* TASK
An exact reproduction of the listing, minus the pictures, is the required output.

* INFORMATION SUPPLIED
- - -
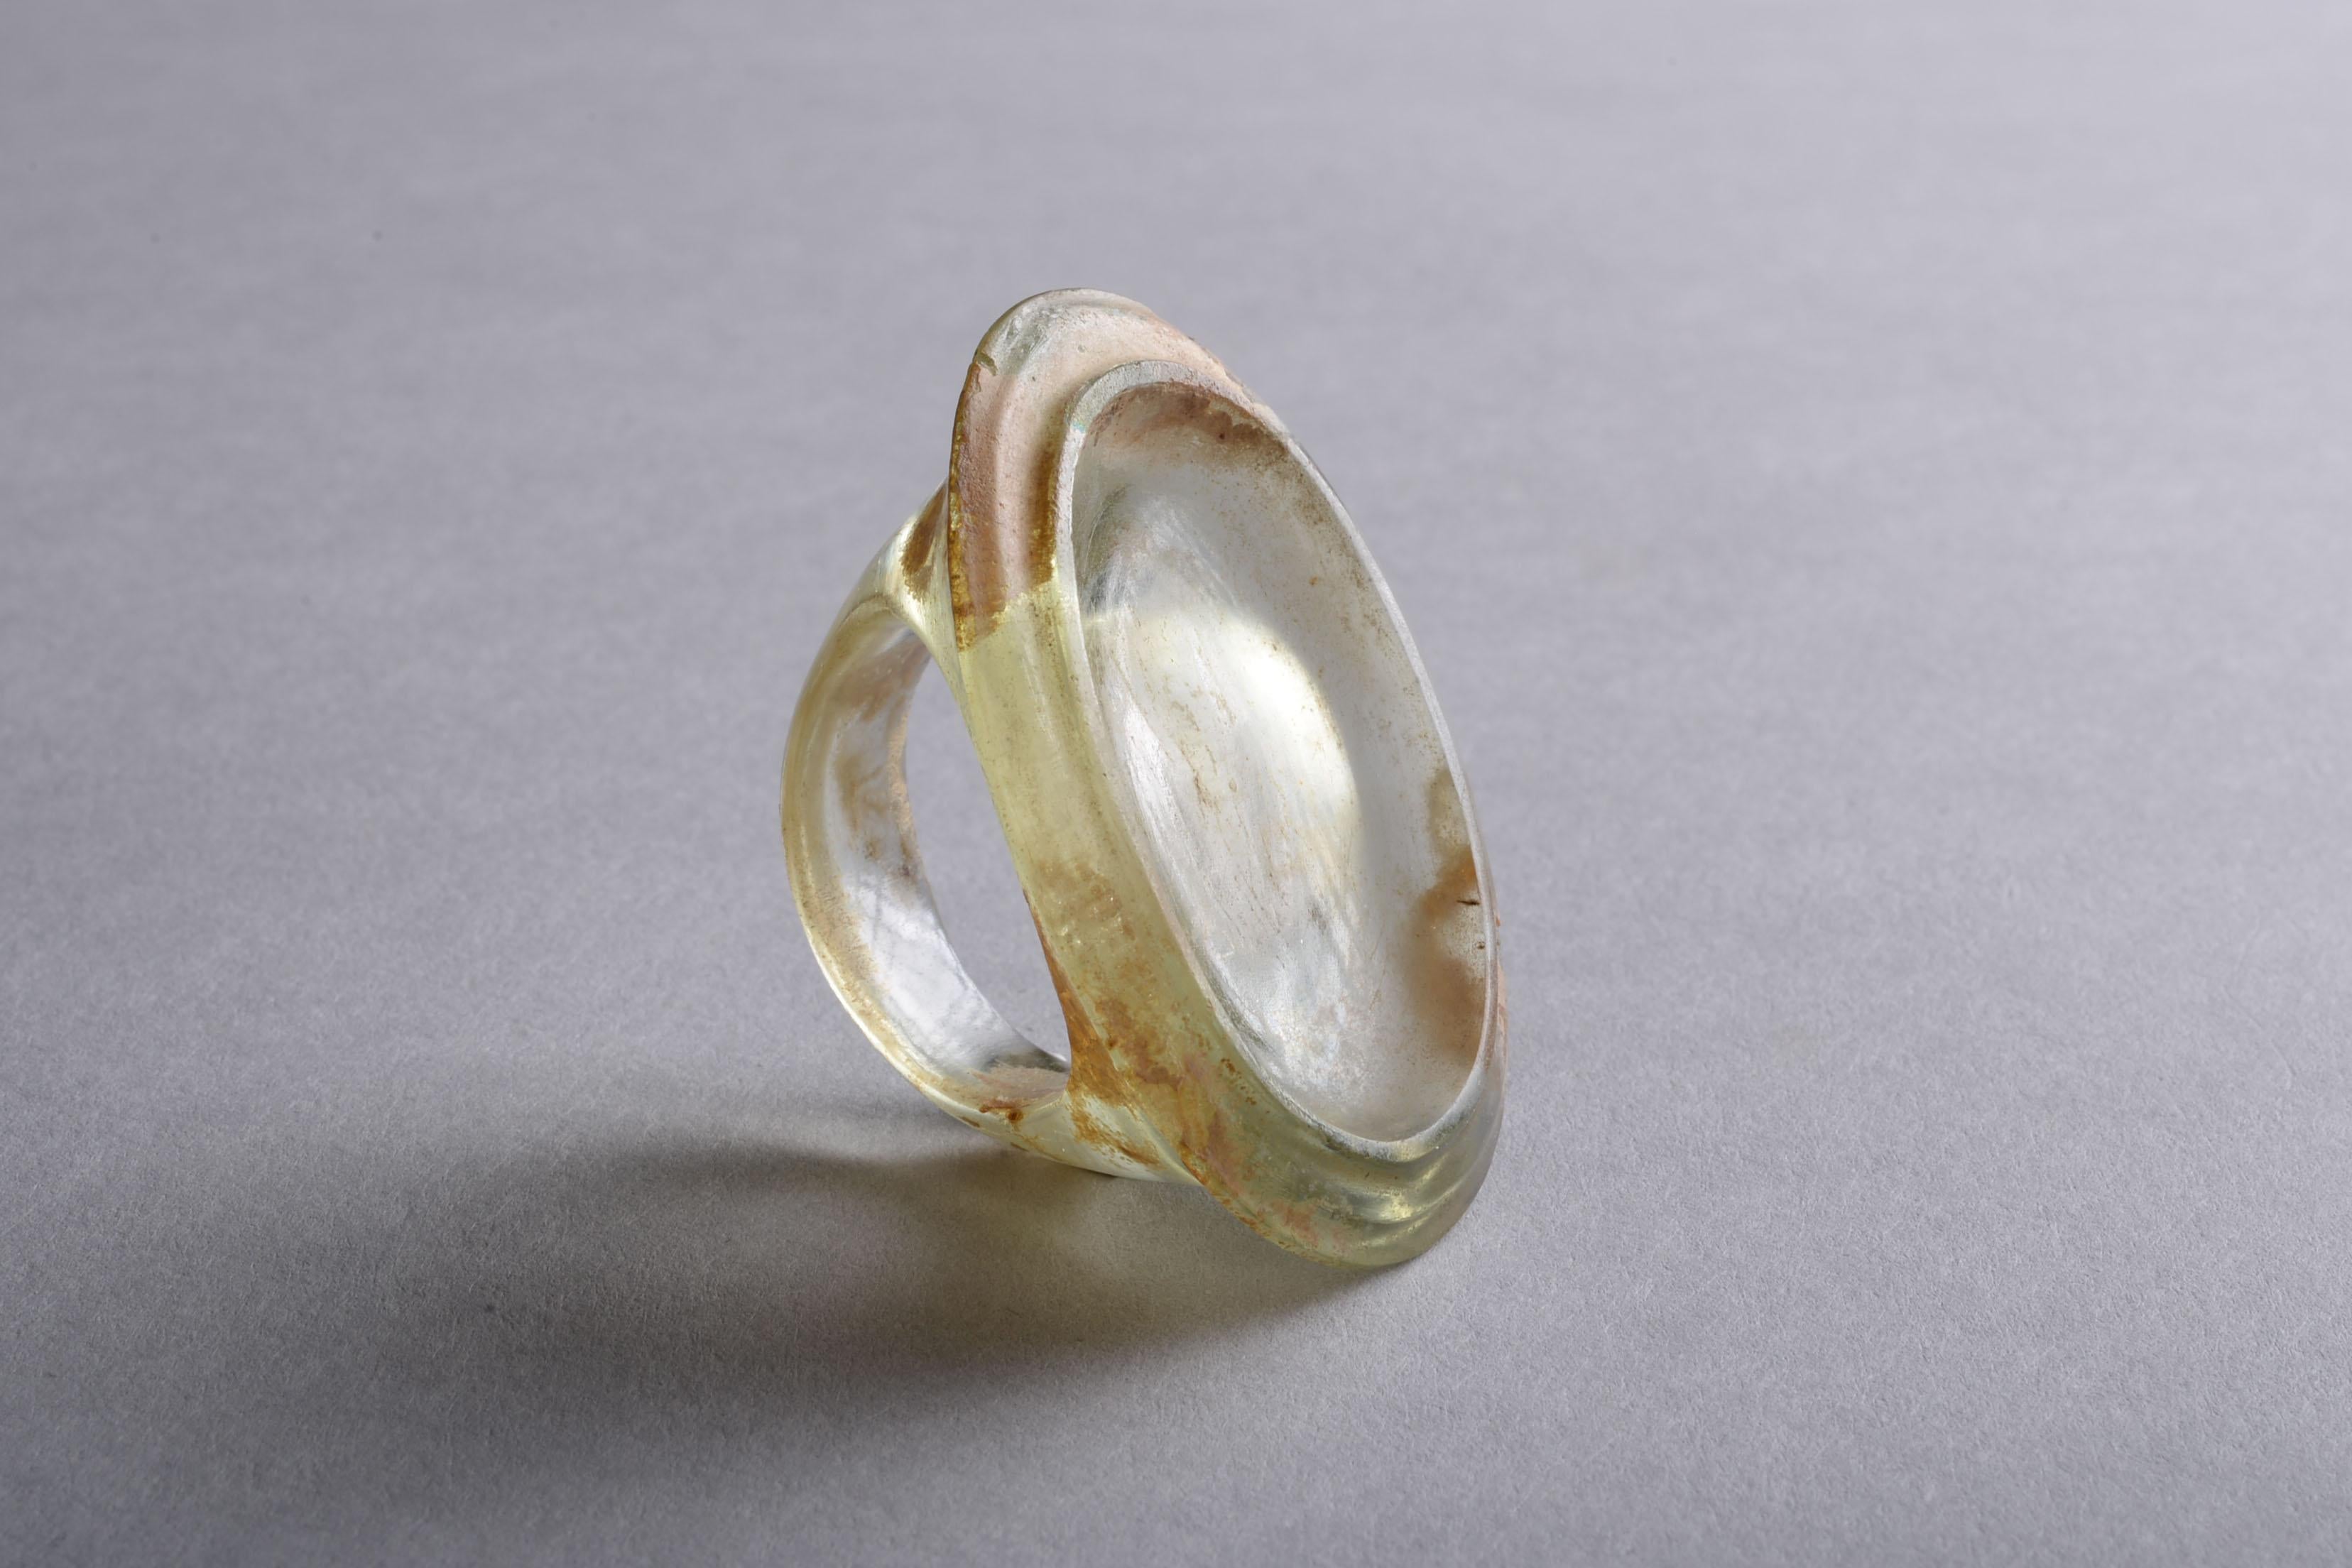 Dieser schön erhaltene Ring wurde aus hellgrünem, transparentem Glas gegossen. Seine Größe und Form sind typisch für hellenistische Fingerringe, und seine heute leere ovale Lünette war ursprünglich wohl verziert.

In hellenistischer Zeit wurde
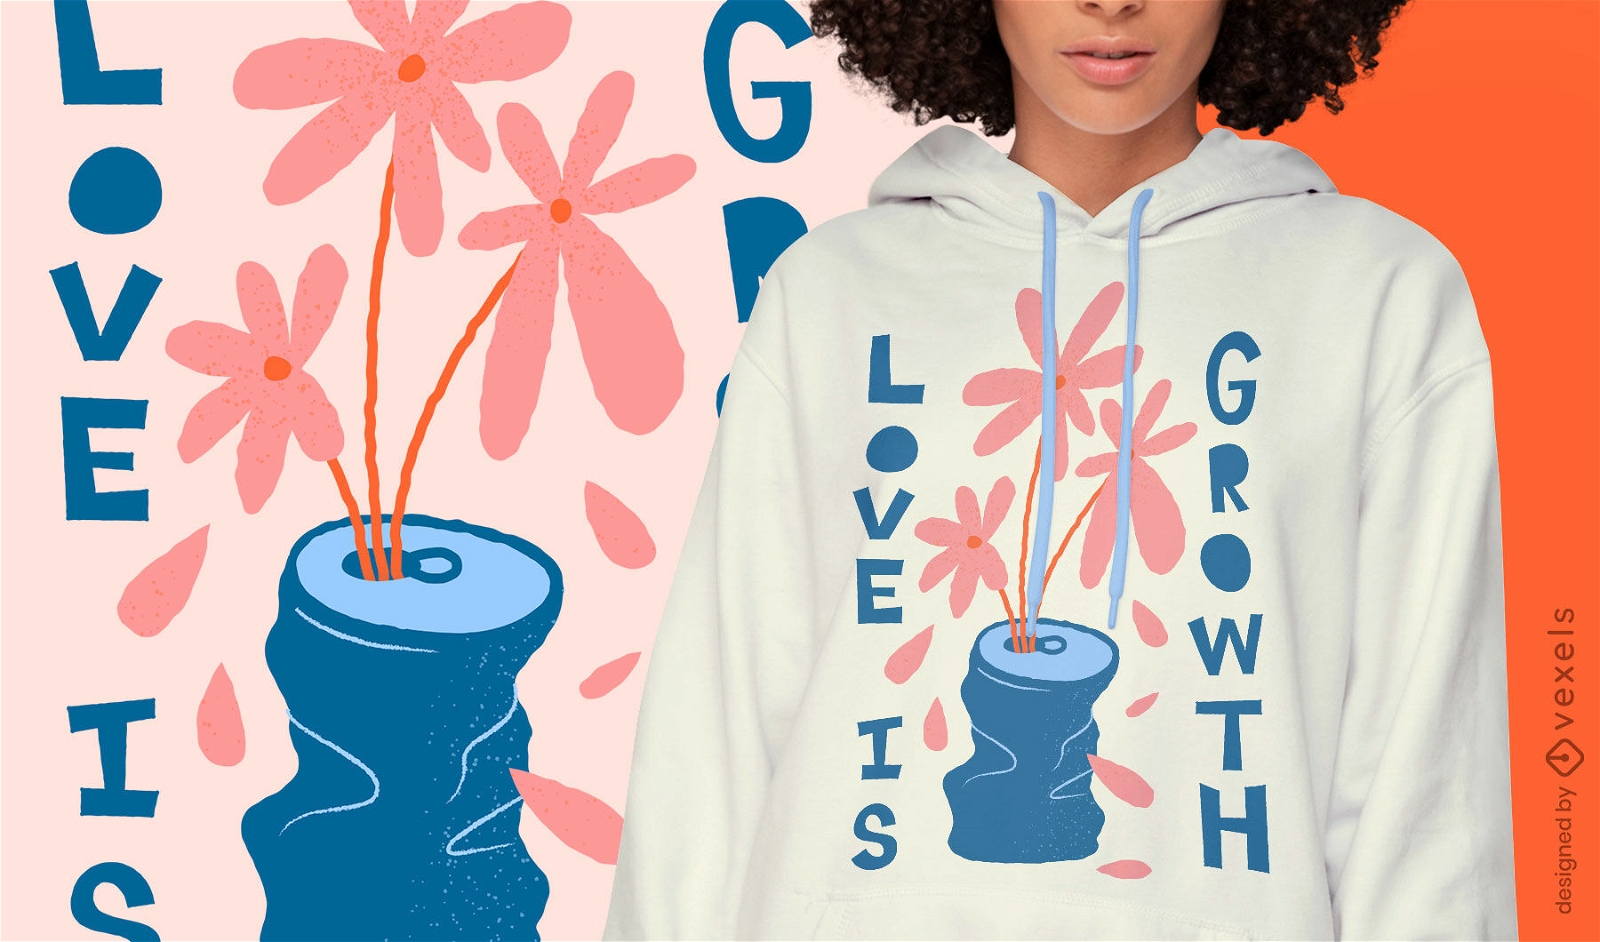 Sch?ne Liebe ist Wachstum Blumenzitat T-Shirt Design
- - -
* REPLY TO THE TASK
 Dieser schön erhaltene Ring wurde aus hellgrünem, transparentem Glas gegossen. Seine Größe und Form sind typisch für hellenistische Fingerringe, und seine heute leere ovale Lünette war ursprünglich wohl verziert.

In hellenistischer Zeit wurde
 Sch?ne Liebe ist Wachstum Blumenzitat T-Shirt Design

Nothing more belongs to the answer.